Just fit the AGU head and forget about it.


----------



## Callum-TT

L33JSA said:


> You can get a transition spacer to fit inbetween the small port inlet and the large port head.


I have one of these in my garage. It's Pete's but as he now have large port to large port it's going spare if you want.

Sent from AutoGuide.com Free App


----------



## fixitagaintomoz

Missed that post first time round.... yes callum if pete is ok with it can i purchase said spacer?


----------



## fixitagaintomoz

Head collected, engine crane collected, ready to rock n roll


----------



## fixitagaintomoz

I have stumbled upon this page about the engine break in process. looks interesting, and the logic seems sound. What do you guys think?

http://www.mototuneusa.com/break_in_secrets.htm


----------



## Callum-TT

fixitagaintomoz said:


> Missed that post first time round.... yes callum if pete is ok with it can i purchase said spacer?


Yes you can mate.

I'll PM you details mate

Sent from AutoGuide.com Free App


----------



## L33JSA

Don't be worrying about running in procedures yet as it will only get lost in the thread - wait until nearer the time but in a nutshell yes you run it in fairly aggressively upto a point - and dont pussy around.

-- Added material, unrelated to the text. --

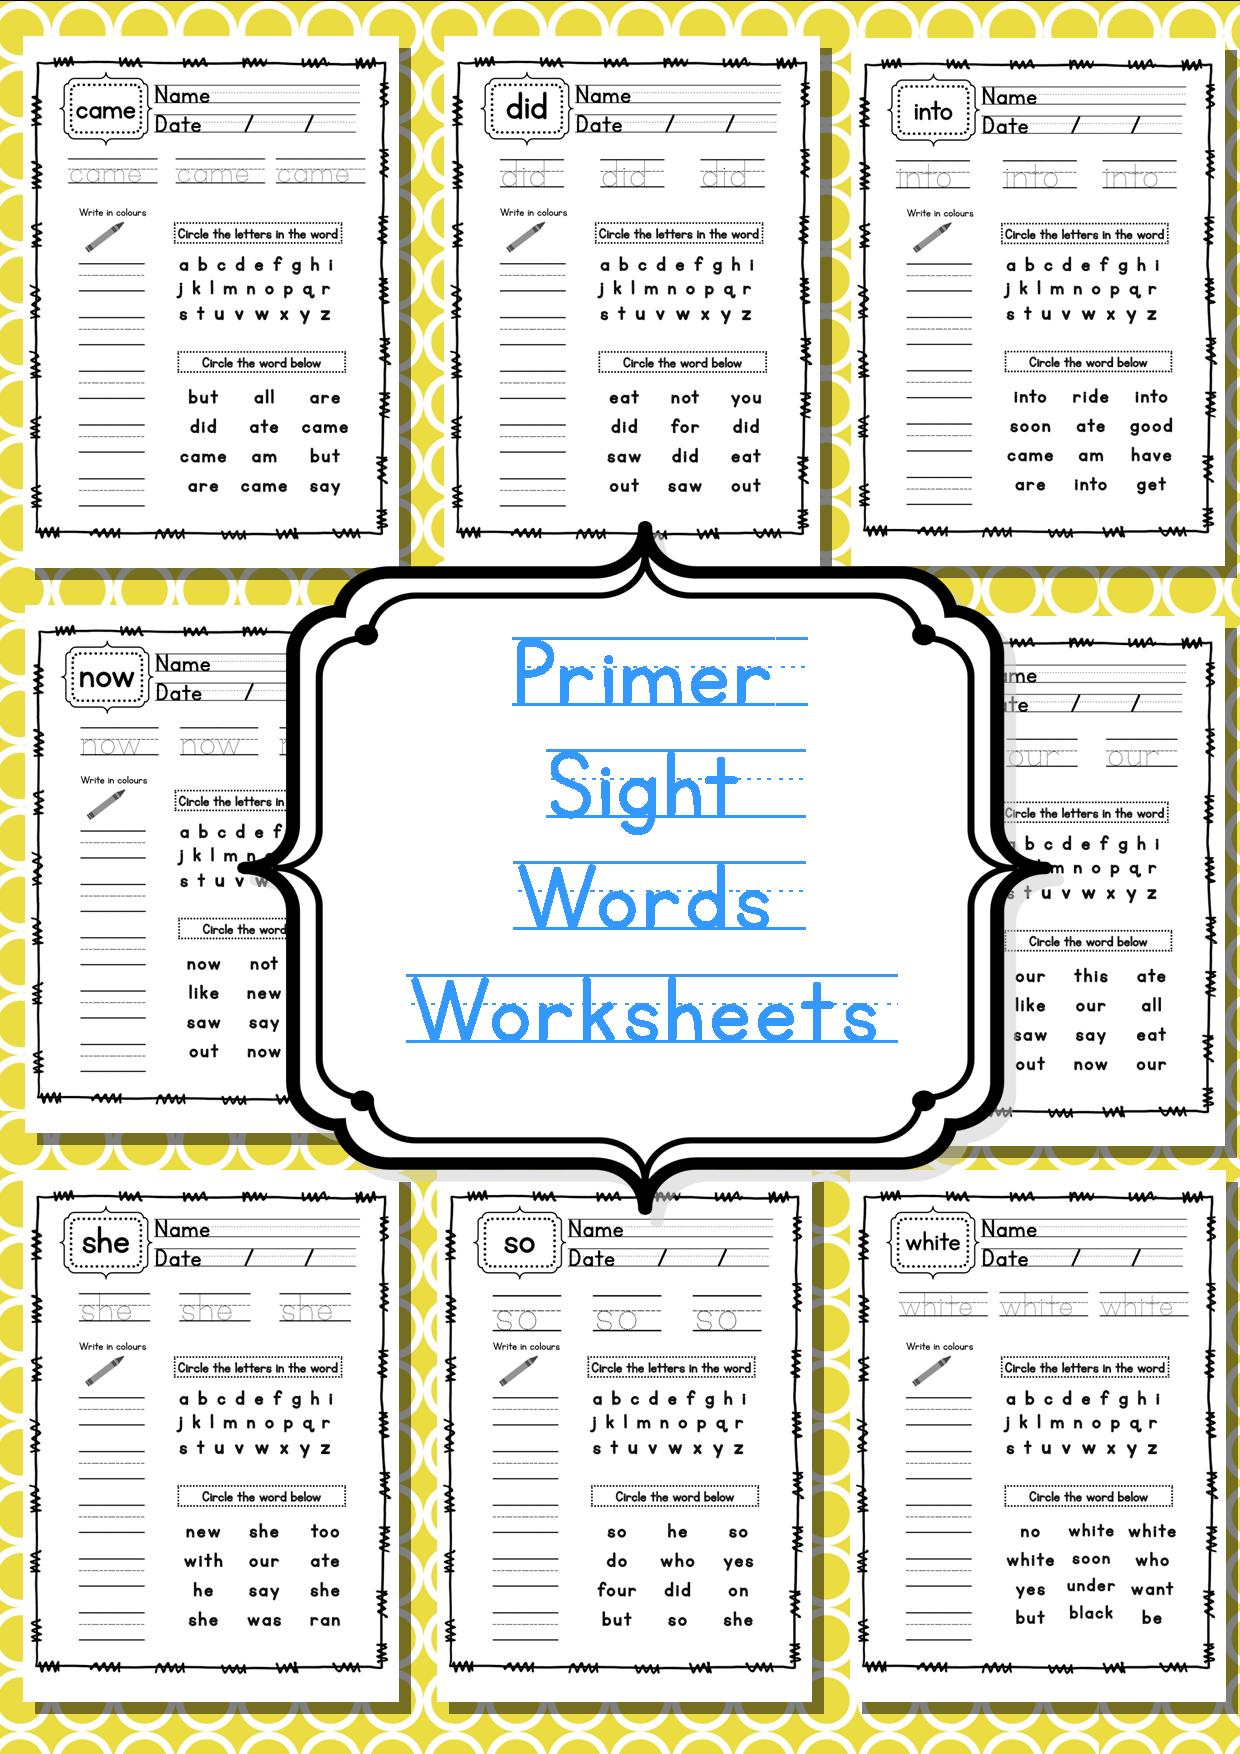 worksheets Word Sight   Pdf: Worksheets kindergarten Primer sight Sight Worksheets Teaching  fry word Word

I'll tell you what I do nearer the time.


----------



## fixitagaintomoz

True. I nèed to get the engine out first!


----------



## fixitagaintomoz

The supplier of the Crank has just sent me this message on eBay, saying they found that it is a bit scratched. looks more than just a bit scratched to me...


----------



## fixitagaintomoz

Well today was fun. Engine removal on my drive in the rain :x





Went pretty smoothly, until i tried to seperate the box from the block in my garage. One of the top bolts sheered off


so my brother welded a nut to it, and it snapped again. Looks like the machine shop will have an extra job to do for me.

The clutch was still alive, but wouldn't have had much life left, glad thats the case really, makes the job a hell of a lot easier while its off the car!





so thats it for the day, waiting for a m12 long reach socket to be able to take the dmf off, my 1/2" halfords one just couldnt reach


----------



## L33JSA

fixitagaintomoz said:


> The supplier of the Crank has just sent me this message on eBay, saying they found that it is a bit scratched. looks more than just a bit scratched to me...


That's goosed....you don't want that.


----------



## fixitagaintomoz

Ive already got it refunded. The hunt continues, plenty of time to be fair.


----------



## tommatt90

Let's hope mine don't look like that lol, that ones a shocker

Sent from my iPhone using Tapatalk


----------



## fixitagaintomoz

Took the chance to jet down the engine bay today. Its quite nice to get a chance to clean all the areas otherwise un-reachable. Its also gave me inspiration to remove the subframe and clean up and hammerite all the components.

Logic being that if its all clean when it goes in if any leaks develop i will be able to pinpoint where. Looks like the oil return gasket from the turbo has been leaking, so the engine and gearbox are all filfthy. While i noticed this to be the case a while back it was impossible to tell if it was new or old build up.

Plus thinking about it the subframe will need to be dropped anyway come reassembly time, due to the DP change and fitment.


----------



## fixitagaintomoz

Sod it. New relentless x pro v4 ordered. 3" dp and decat will be ordered too.

I'm going to get my brother involved to build a copy of the sportlite gt exhaust as used on the blue bandit on here.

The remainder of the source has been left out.